- Coat of arms
- Coordinates (Ruda-Huta): 51°14′N 23°34′E﻿ / ﻿51.233°N 23.567°E
- Country: Poland
- Voivodeship: Lublin
- County: Chełm County
- Seat: Ruda-Huta

Area
- • Total: 112.48 km^{2} (43.43 sq mi)

Population (2006)
- • Total: 4,813
- • Density: 43/km^{2} (110/sq mi)
- Website: http://www.ruda-huta.lubelskie.pl/

= Gmina Ruda-Huta =

Gmina Ruda-Huta is a rural gmina (administrative district) in Chełm County, Lublin Voivodeship, in eastern Poland, on the border with Ukraine.
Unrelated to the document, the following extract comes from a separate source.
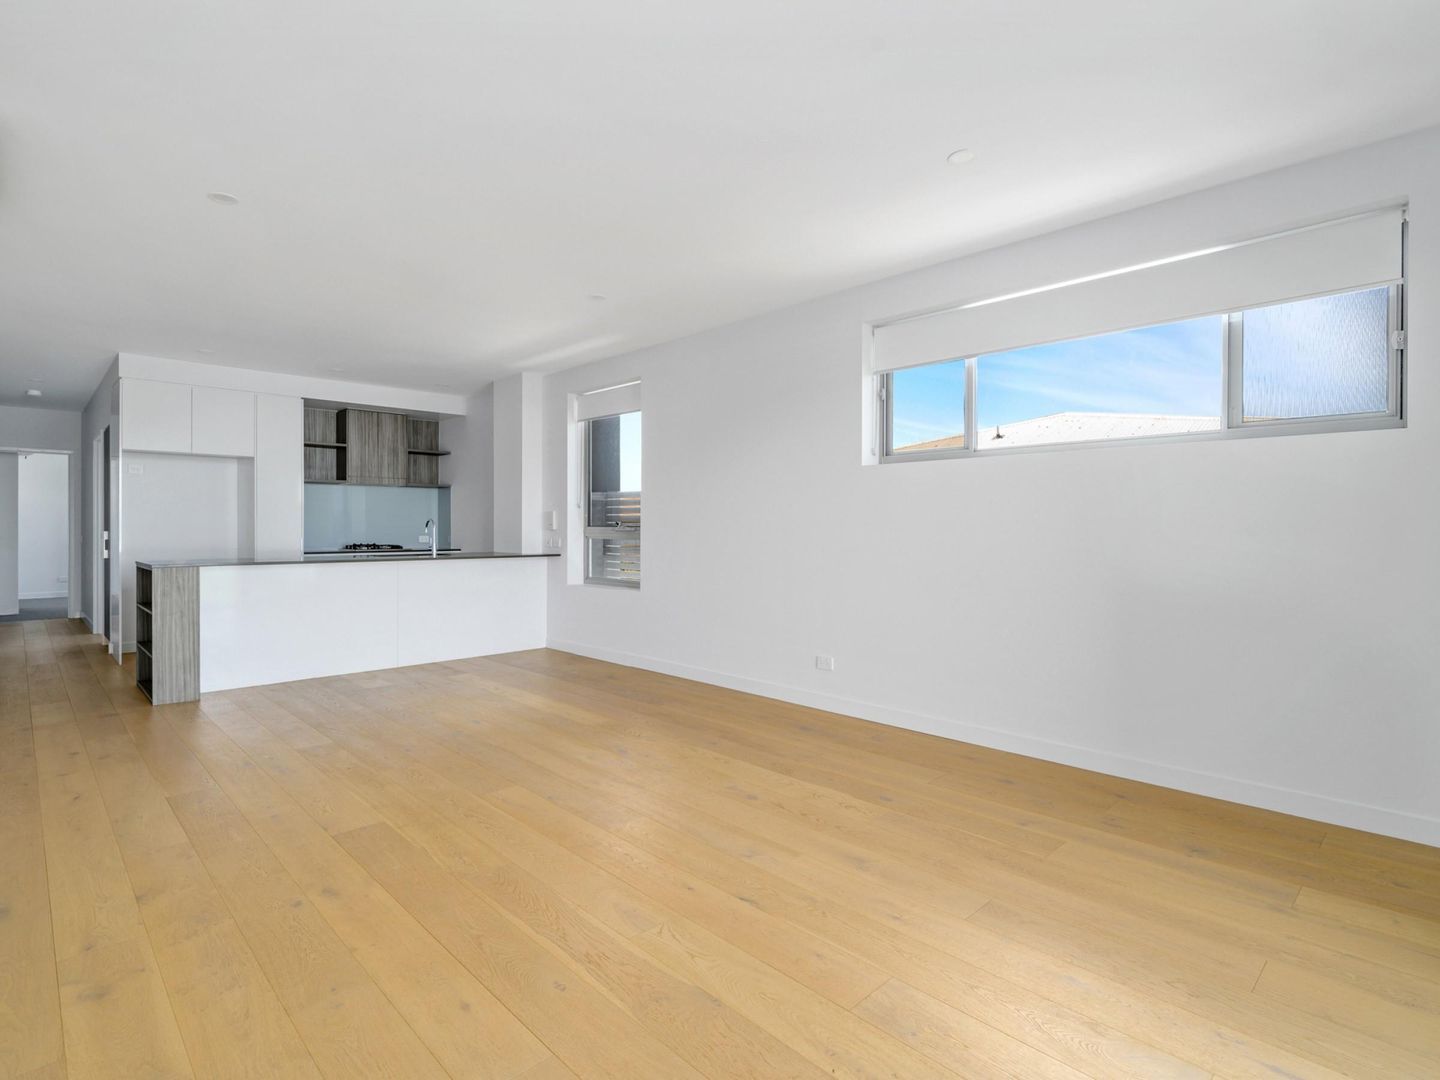 2 bedrooms Apartment / Unit / Flat in 14/26 Buxton Street ASCOT QLD, 4007

Its seat is the village of Ruda-Huta, which lies approximately 11 km north-east of Chełm and 70 km east of the regional capital Lublin.

The gmina covers an area of 112.48 km2, and as of 2006 its total population is 4,813.

==Villages==
Gmina Ruda-Huta contains the villages and settlements of Chromówka, Dobryłów, Gdola, Gotówka, Hniszów, Jazików, Karolinów, Leśniczówka, Poczekajka, Ruda, Ruda-Huta, Ruda-Opalin, Rudka, Żalin and Zarudnia.

==Neighbouring gminas==
Gmina Ruda-Huta is bordered by the gminas of Chełm, Dorohusk, Sawin and Wola Uhruska. It also borders Ukraine.